MIDLAND, Texas, March 17, 2021 (GLOBE NEWSWIRE) — Diamondback Energy, Inc. (NASDAQ: FANG) (“Diamondback” or the “Company”) today announced that it has completed its previously announced acquisition of QEP Resources, Inc. (NYSE: QEP) (“QEP”) in an all-stock merger following approval of the merger and related proposals by the QEP stockholders at their special meeting held on March 16, 2021.
QEP reported the results of its stockholder vote at the special meeting on its Form 8-K with the Securities and Exchange Commission on March 16, 2021.
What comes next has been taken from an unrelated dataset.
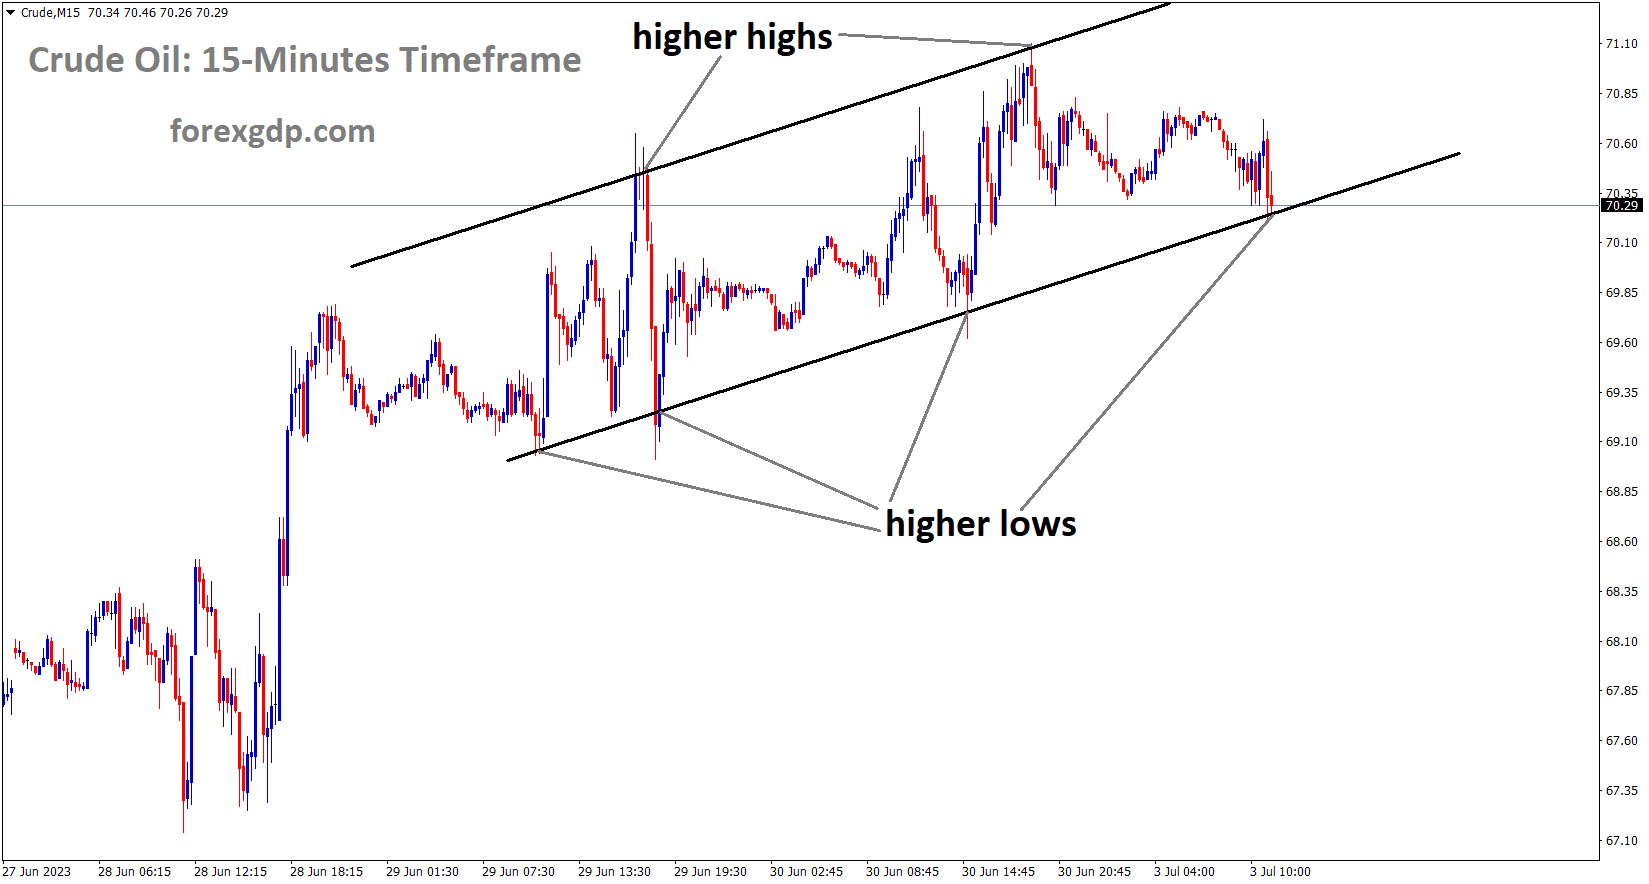 Crude oil Price is moving in an Ascending channel and the market has reached the higher low area of the channel

As previously announced, in the merger, QEP stockholders will receive 0.05 of a share of Diamondback common stock for each share of QEP common stock issued and outstanding immediately prior to the effective time of the merger, with cash to be received in lieu of any fractional shares. As a result of the merger, QEP common stock will no longer be listed for trading on NYSE and its reporting obligations under the Securities Exchange Act of 1934 will be suspended.
“We are excited to announce that we have completed our acquisition of QEP. This deal, along with our recently completed acquisition of certain assets from Guidon Operating LLC (the “Guidon acquisition”) bolsters our depth of Tier 1 Midland Basin inventory and positions us to allocate a majority of our capital to the high-returning Midland Basin for the foreseeable future. We look forward to updating the market on our progress on synergy capture and laying out the pro forma operating plan for 2021 as soon as practicable,” stated Travis Stice, Chief Executive Officer of Diamondback.
About Diamondback Energy, Inc.
Diamondback is an independent oil and natural gas company headquartered in Midland, Texas focused on the acquisition, development, exploration and exploitation of unconventional, onshore oil and natural gas reserves primarily in the Permian Basin in West Texas. For more information, please visit www.diamondbackenergy.com.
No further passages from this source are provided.